These hot- and cold-aisle best design practices are key precursors to containment, because when they’re done incorrectly, containment will likely fail to work as expected.

Containment might not be worth it in lower-density data centers because there is less chance for the hot and cold air to mix in a traditional hot-aisle/cold-aisle design.

“I think the ROI in low-density environments probably won’t be there,” Nelson said. “The cost of implementing curtains or whatever would exceed how much you would save.”

But that threshold is low. Data centers with densities as low as 2 kW per rack should consider hot-aisle/cold-aisle containment, Nelson said. He suggests calling the utility company, or other data center companies, who will perform free data center assessments. In some cases, the utility will then offer a rebate if a data center decides to implement containment. Utilities have handed out millions of dollars to data centers for implementing energy efficient designs.

Hot aisle containment or cold aisle containment?

Next up for data center managers is deciding whether to contain the hot or the cold aisle. On this score, opinions vary. For example, American Power Conversion Corp. (APC) sells a pre-packaged hot -aisle containment product. Liebert Corp. sells cold-aisle containment. Not surprisingly, both APC and Liebert argue that their solution is best.

“Containing the hot aisle means you can turn the rest of your data center into the cold aisle”.

Containing the hot aisle means you can turn the rest of your data center into the cold aisle, as long as there is containment everywhere. That is how data center colocation company Advanced Data Centers built its Sacramento, Calif., facility, which the U.S. Green Building Council has pre-certified for Leadership in Energy and Environmental Design (or LEED) Platinum status in energy efficiency.

“We’re just pressuring the entire space with cool air where the cabinets are located, said Bob Seese, the president of Advanced Data Centers. “The room is considered the cold aisle.”

This approach includes concerns that when contained the hot aisle might get too hot for the IT equipment and uncomfortable for people to work in the space. Nelson, however, said that as long as there’s good airflow and the air is being swiftly exhausted from the space, overheating shouldn’t be a problem.

Containing the cold aisle means you may more easily use containment in certain sections of a data center rather than implementing containment everywhere. But it also requires finding a way to channel the hot air back to the computer room air conditioners (CRACs) or contending with a data center that is hotter than normal.

Cold-aisle containment proponents cite the flexibility of their approach. Cold aisle can be used for raised-floor and overhead cooling environments. Cold-aisle advocates also say that containing the cold aisle means you can better control the flow and volume of cool air entering the front of the servers.

Then, of course, data centers could contain both the hot and cold aisles.

Do-it-yourself methods vs. prepackaged vendor products

There are many ways to accomplish data center containment. If a company wants, it can hire APC, Liebert, Wright Line LLC or another vendor to install a prepackaged product.

“Homegrown methods of containment are often cheaper and, if done correctly, are just as effective as vendor-provided approaches”.

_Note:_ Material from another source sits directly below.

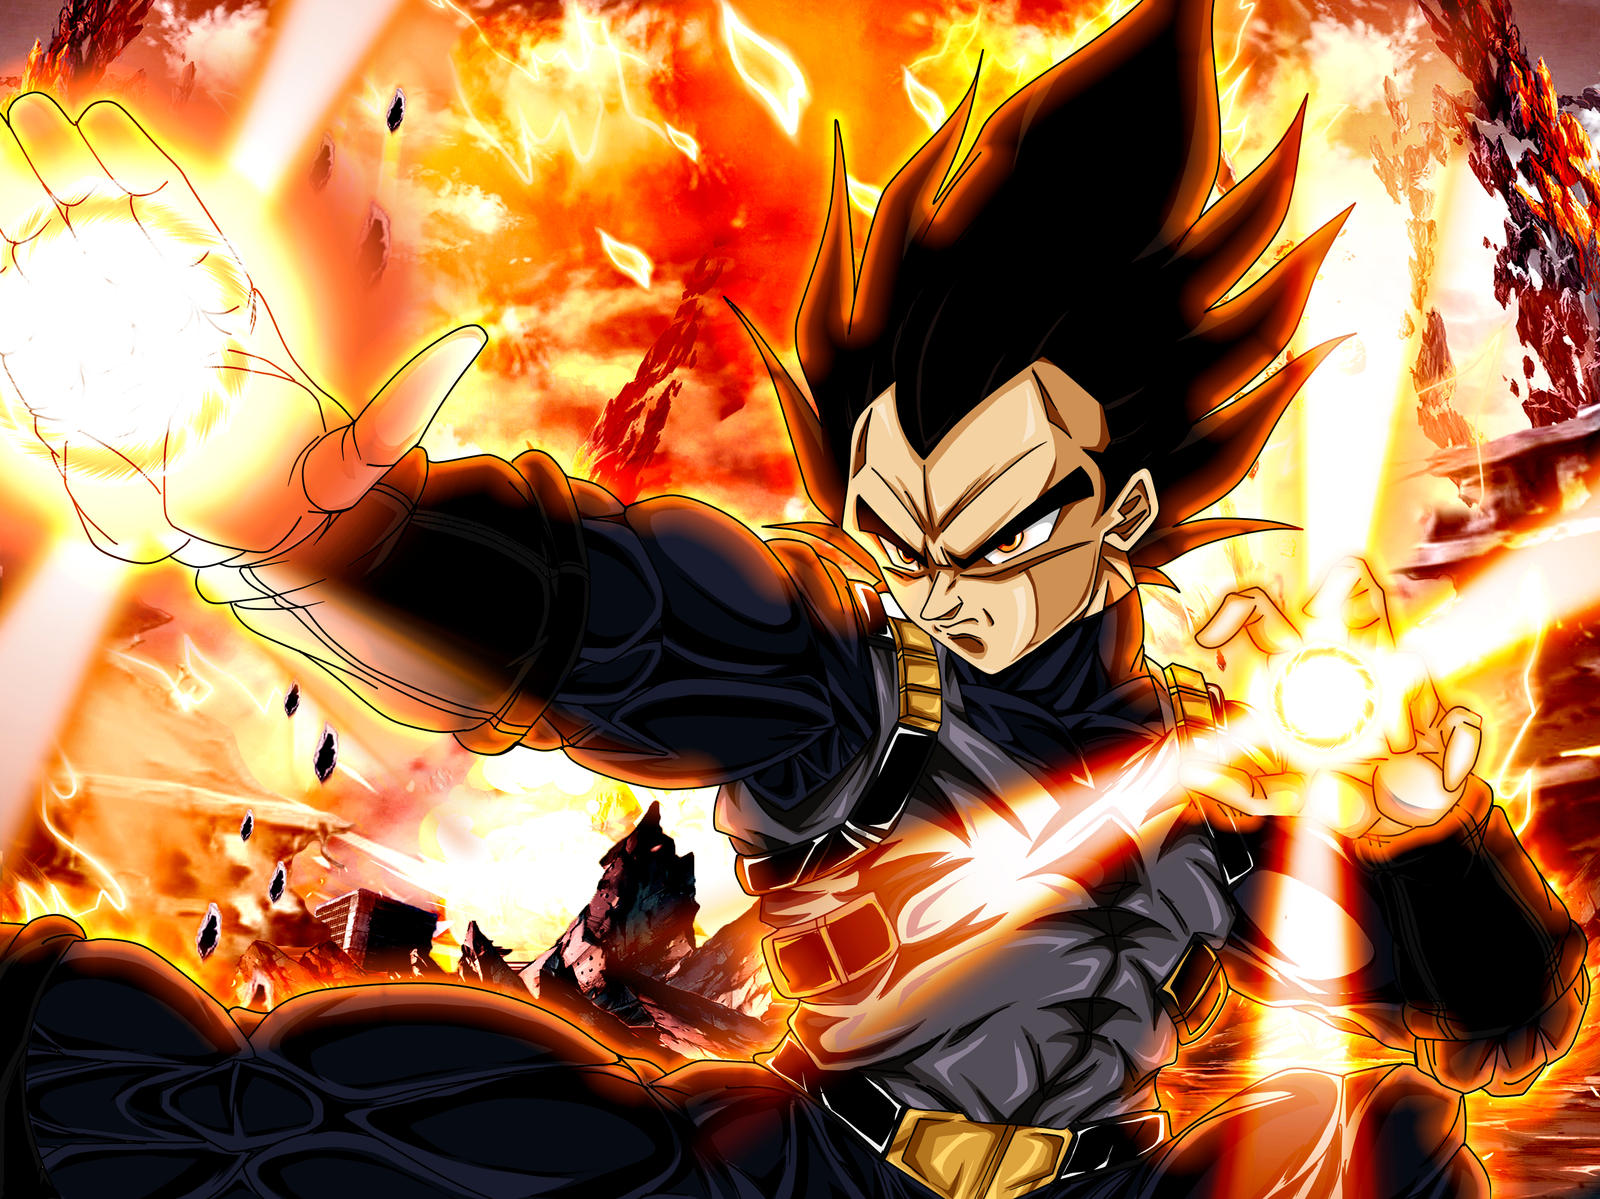 Flash, Animated GIFS and Wallpapers on Dragonball-Z-Club - DeviantArt

        ” This may bring peace of mind to a data center manager who wants accountability should containment fail to work as advertised”.

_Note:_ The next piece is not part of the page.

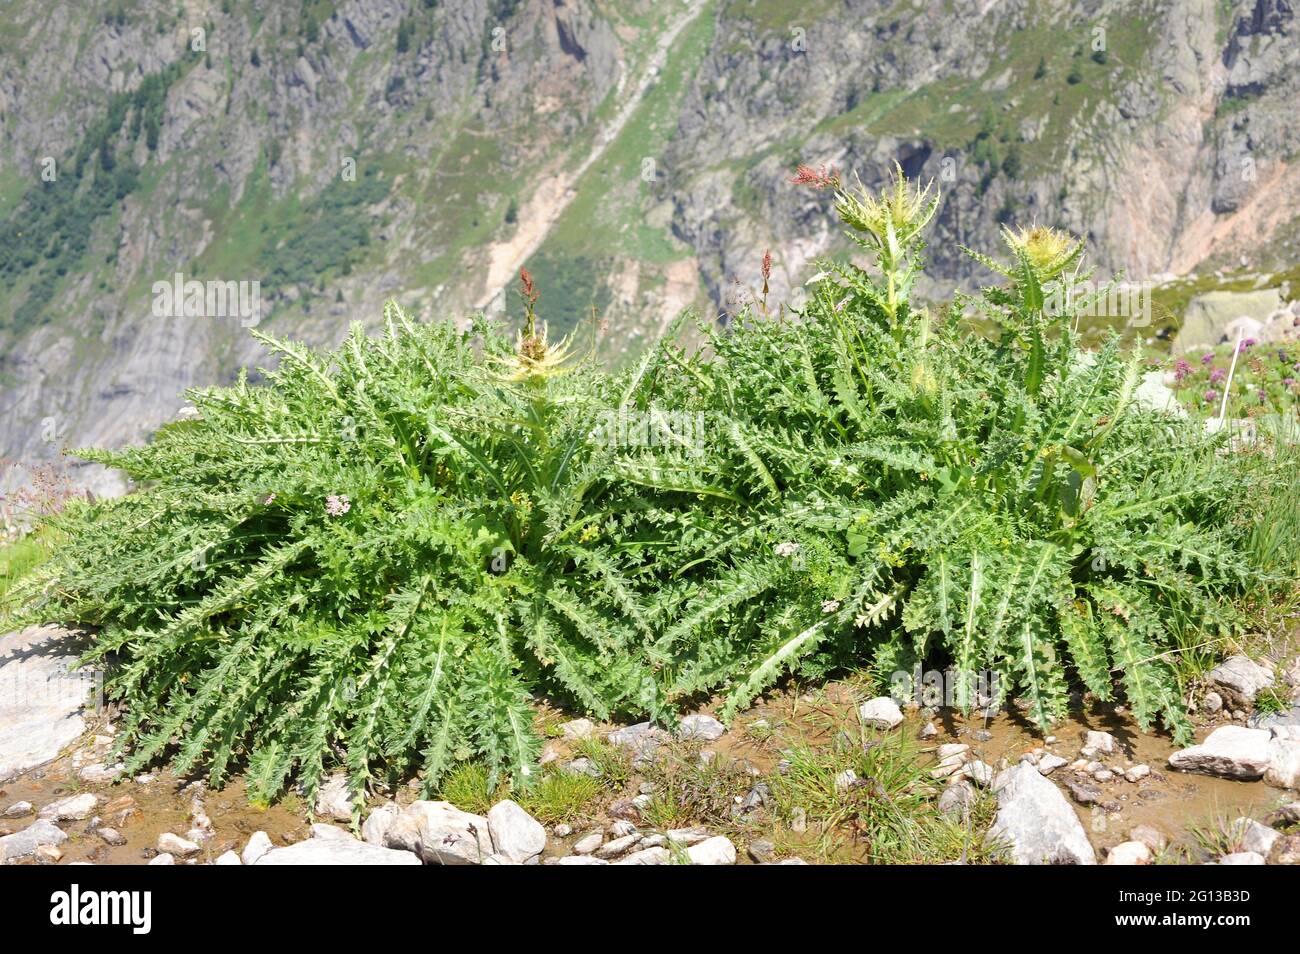 Spiniest thistle (Cirsium spinosissimum) is a spiny perennial plant native to Alps and Balkans. This photo was taken in french Alps, near Chamonix. Stock Photo

“They’re good if you want someone to come in and do the work,” Nelson said. “You can hire them.”

But these offerings come at a price. Homegrown methods of containment are often cheaper and, if done correctly, are just as effective as vendor-provided approaches. Nelson and Tschudi said they prefer do-it-yourself methods because of the lower cost.

If a data center staff does undertake data center containment strategies themselves, there are various options. Some data centers have installed thick plastic curtains, which can hang from the ceiling to the top of the racks or on the end of a row of racks, or both. In addition, a data center can build something like a roof over the cold aisles or simply extend the heights of the racks by installing sheet metal or some other product on top of the cabinets. All these structures prevent hot and cold air from mixing, making the cooling system more efficient.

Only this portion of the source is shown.